Once upon a time, a geographically forgotten, often belittled by its neighbors, a country called “Uruguay” became one of the most progressive countries in the world, raising the envy of many. It has a small population, 3.3 million people and is today one of the most effective democracies in the world. It holds economic stability, broadly respects human rights and has a seemingly functional political system, where consensus is possible between political parties. In short, Uruguay is a thriving democracy unlike other countries in Latin America, who are still facing innovative forms of authoritarianism like Venezuela. Citizens like me simply ponder whether political consensus across parties only belongs to fairy tales. In an ideal world, or Uruguay so to speak, politicians come to agreements after grueling negotiations lasting over 10 hours. Perhaps not all of the legislators attend to the sessions, but most of them do. Tough law initiatives like allowing abortion and gay marriage actually get discussed and stamped by most parties in, both, the lower and higher chambers of representatives. During the last 10 years, Uruguay’s income distribution policies have had a positive effect managing to reduce poverty from a 39% to an incredible 11%. Moreover, it has an exemplary President, Jose Alberto Mujica, who is really driven by public service rather than by power or money, like most politicians. He is often referred to as the “World’s Poorest President.” But why can Uruguay relish such an outstanding democratic system? Is it because it requires less effort to govern a small population? Or is it because, through having observed the income disparities of Brazil, Argentina and Venezuela, it has learned that a set of political reforms can ensure a healthy economic progress? Or is it just that we need to make a wish and tap together our heals, like Dorothy, and expect it to come true?

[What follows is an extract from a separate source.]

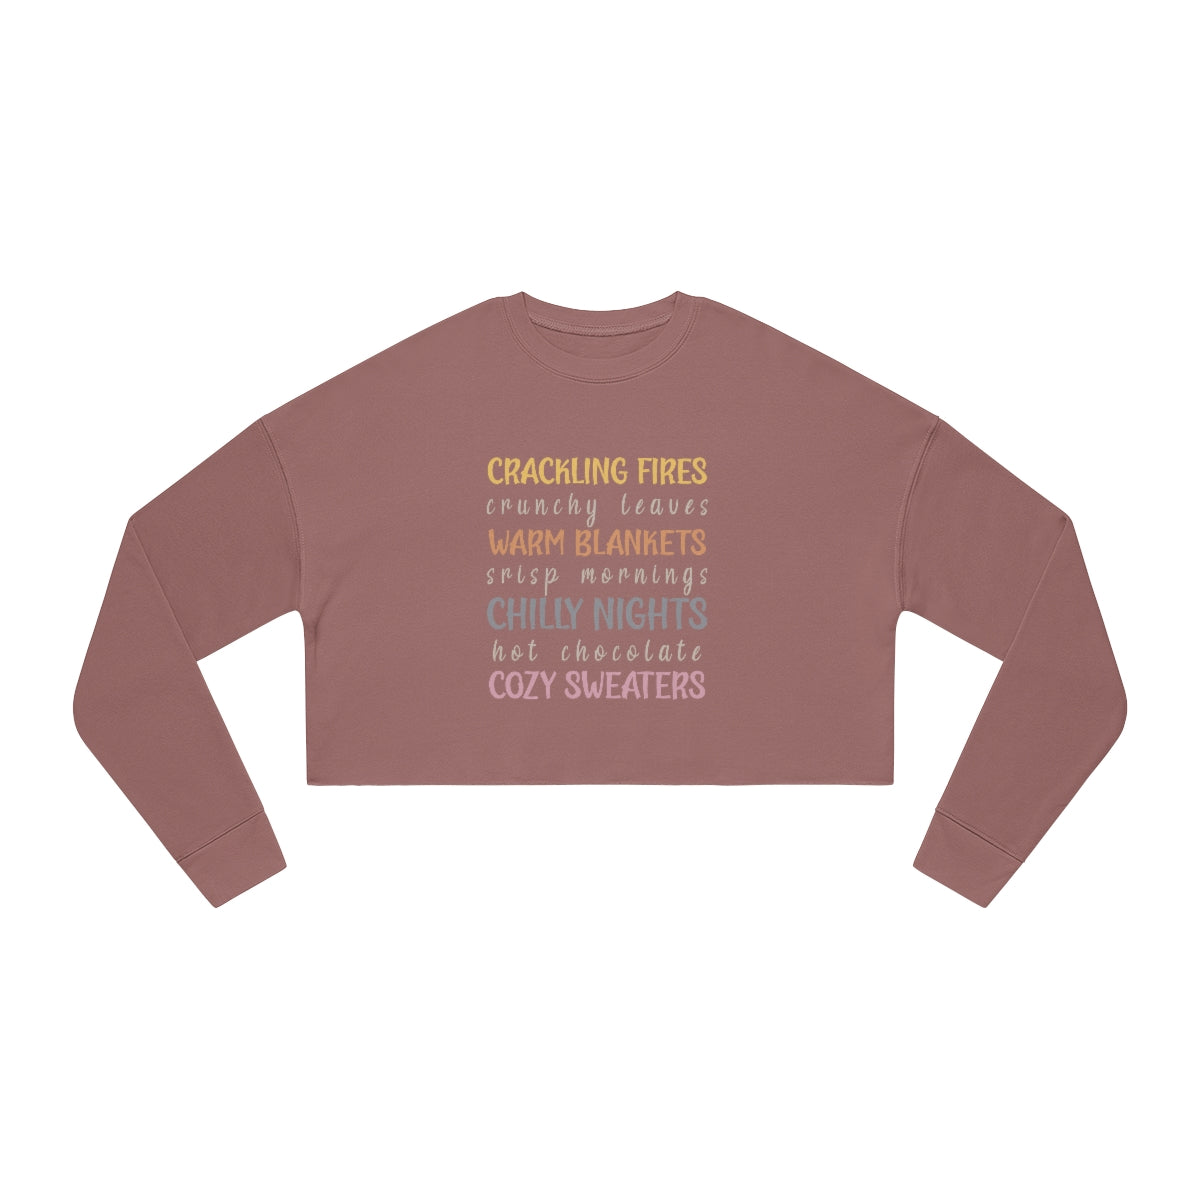 Cracking fires Chilly Night Design Women's Cropped Sweatshirt
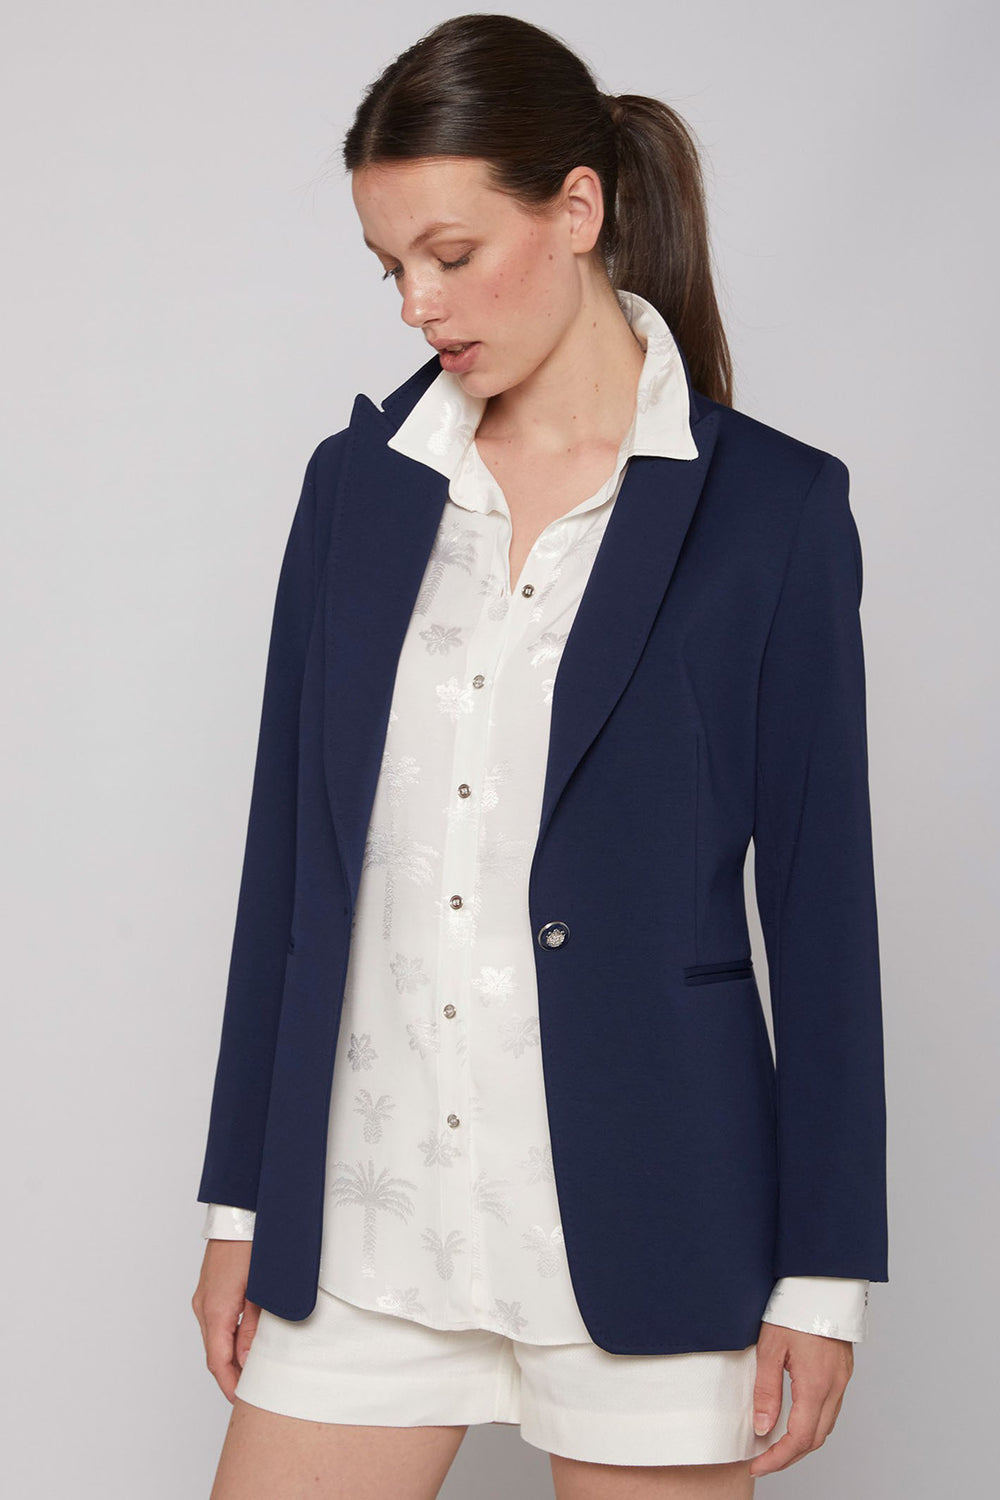 Vilagallo 30991 Navy Knit Perfect Fit Jacket - Shirley Allum Boutique

Uruguay does have a President worth of endorsement. As a former guerilla fighter, he spent 14 years imprisoned, and was finally released in 1985. In 2009, he won a landslide vote for the Presidential seat with a 53.33%. He currently donates 90% of his salary to a charity organization that builds public housing and his motto is “To do politics we must live like the poor,” which he has put to action by living very modestly. Under his tenure, he has pushed highly controversial law initiatives that would hardly pass in other countries. The first one was legalizing abortion for women within the first trimester of pregnancy. The initiative seldom passed in the lower chamber with 50 votes in favor against 49. Another initiative consisted in legalizing gay marriage in 2012, which had a strong support by the Frente Amplio (a coalition of left-wing parties, under which President Mujica got elected). Since the Senate believed that the text needed further editions, the text was sent back to the lower house. The initiative underwent a total of 4 in-house voting rounds. And just last year, the country passed a law regulating the production and consumption of marihuana, for non-medical purposes. The law obtained 16 votes favoring it versus 13 against it. One way to justify these positive outcomes is alluding them to the fact that “Frente Amplio” held the majority in both chambers and that the President remained loyal to its ideals. In 2009, Frente won 50 of the 99 representative seats and 15 of 30 of the senatorial ones. What this means is that, in order to pass controversial laws like these, we can ascertain that there must be an agreement between the President and the Legislative branch.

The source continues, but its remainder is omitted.